Description of problem:

From the resize2fs manpage:
The resize2fs program will resize ext2 or ext3 file systems.  It can be
       used  to  enlarge or shrink an unmounted file system located on device.
       If the filesystem is mounted, it can be used to expand the size of  the
       mounted filesystem, assuming the kernel supports on-line resizing.  (As
       of this writing, the Linux  2.6  kernel  supports  on-line  resize  for
       filesystems mounted using ext3 only.).

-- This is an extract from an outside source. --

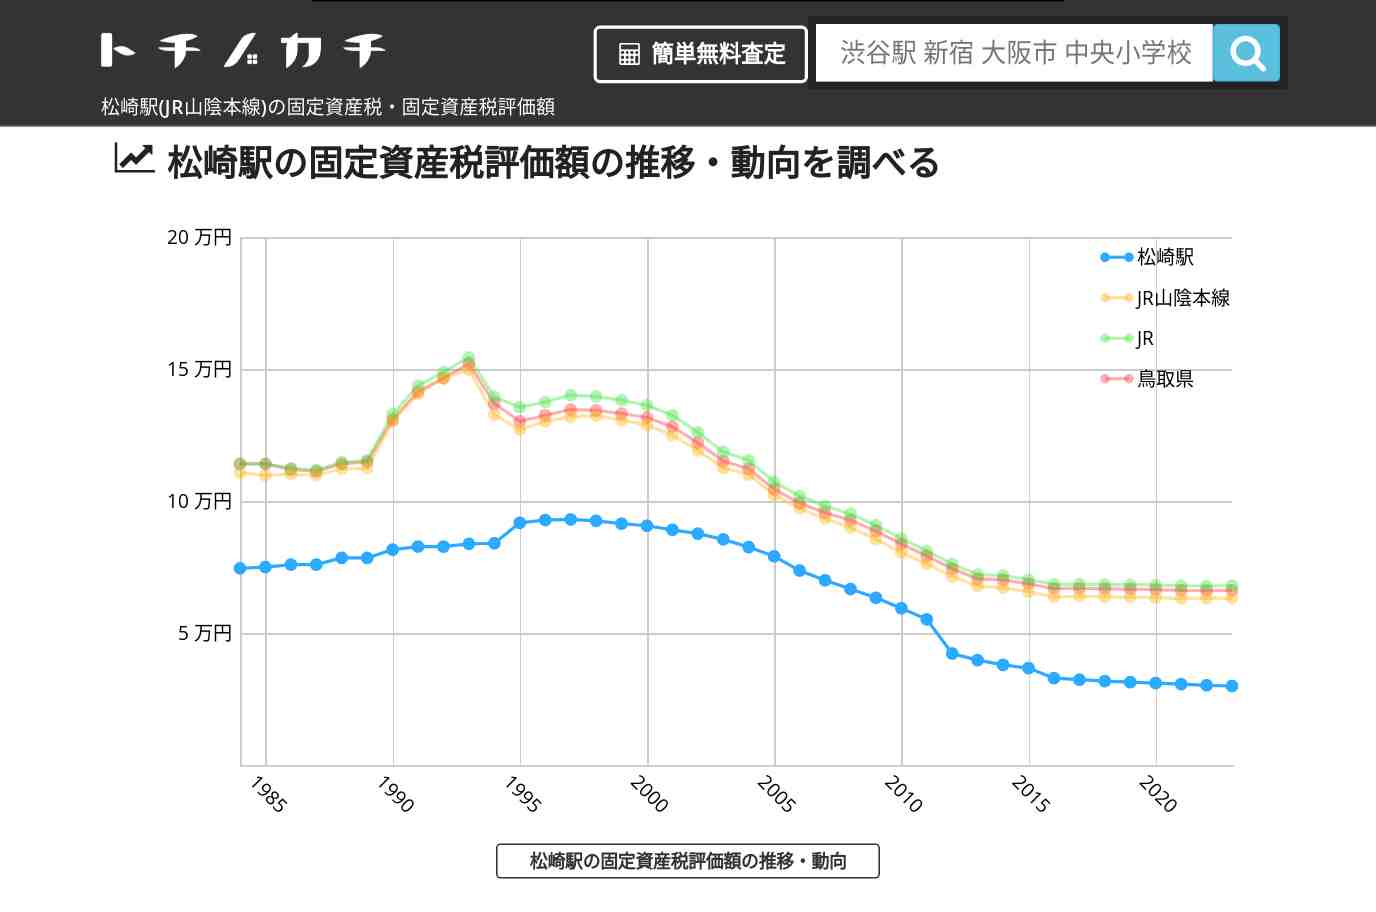 松崎駅(JR山陰本線)の固定資産税・固定資産税評価額 | トチノカチ
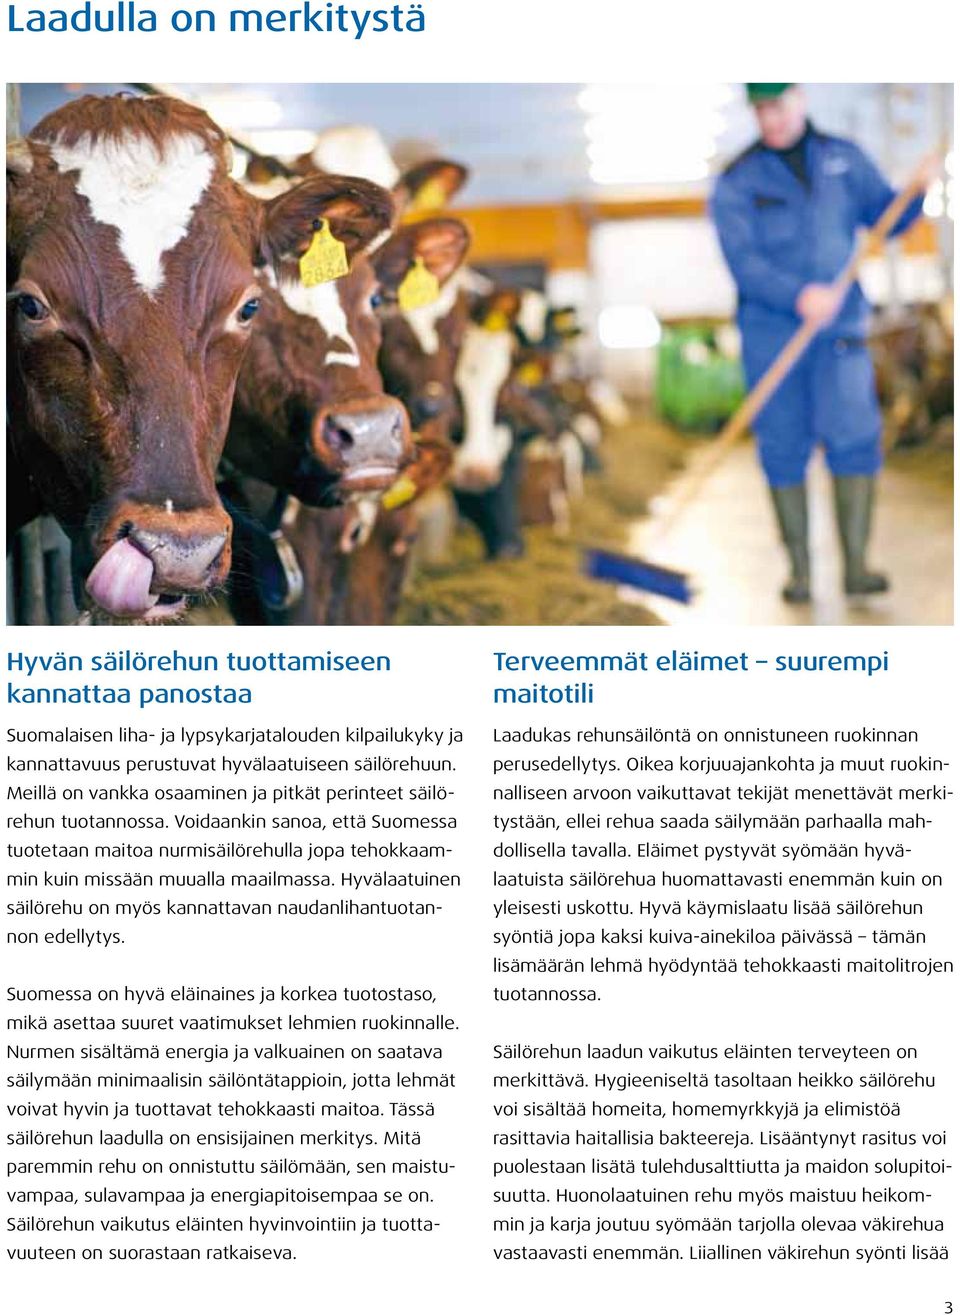 Hyvälaatuinen säilörehu on myös kannattavan naudanlihantuotannon edellytys. Suomessa on hyvä eläinaines ja korkea tuotostaso, mikä asettaa suuret vaatimukset lehmien ruokinnalle.

It has been seen that online resize of filesystem doesn't work. The resize2fs
tool is supposed to resize ext2/ext3 filesystems while they are mounted and are
in use by the system. But if the filesystem is mounted (i.e. device is in use)
and the mounted device is resized on the target, the kernel is not able to
detect the new size of the device. To reflect the new size, we need to unmount
and then remount the filesystem.


Version-Release number of selected component (if applicable):
[root@199-119 ~]# lsb_release -a
LSB Version:    :core-3.1-ia32:core-3.1-noarch:graphics-3.1-ia32:graphics-3.1-noarch
Distributor ID: RedHatEnterpriseServer
Description:    Red Hat Enterprise Linux Server release 5.2 Beta (Tikanga)
Release:        5.2
Codename:       Tikanga


How reproducible:
Always reproducible

Steps to Reproduce:
1 mount an iSCSI LUN
2 Increase the LUN size on the target
3 rescan the iSCSI sessions on the initiator
4 resize the filesystem using resize2fs ( resize2fs reports that the filesystem
is already occupying all the blocks and that there is nothing to resize)
5 unmount the file system
6 mount it again
7 resize the filesystem using resize2fs ( now it works )

  
Actual results:
Device size change is not reflected to the filesystem utilities and dm-multipath

Expected results:
Device size change should be reflected to filesystem resize utilities so that
the filesystem can be grown/expanded to the new size.


Additional info:

Point to note here is that after executing step 3, the SCSI subsystem reflects
the new size. This can be verified with the value present in /sys/block/DEVICE/size
If we resize the LUN while it is mounted, SCSI reflects the change after the
rescan, but resize2fs does not. This forfeits the whole idea of "Online Resize"
because we can't see the new size on the _filesystem_
 
Similar is the case when using multipath. When we try to expand a multipathed
LUN, to reflect the size change in multipath, we need to flush (release) the LUN
(using `multipath -F`) and then re-discover it (using `multipath -v3`) which
would be a disruptive operation for the LUN.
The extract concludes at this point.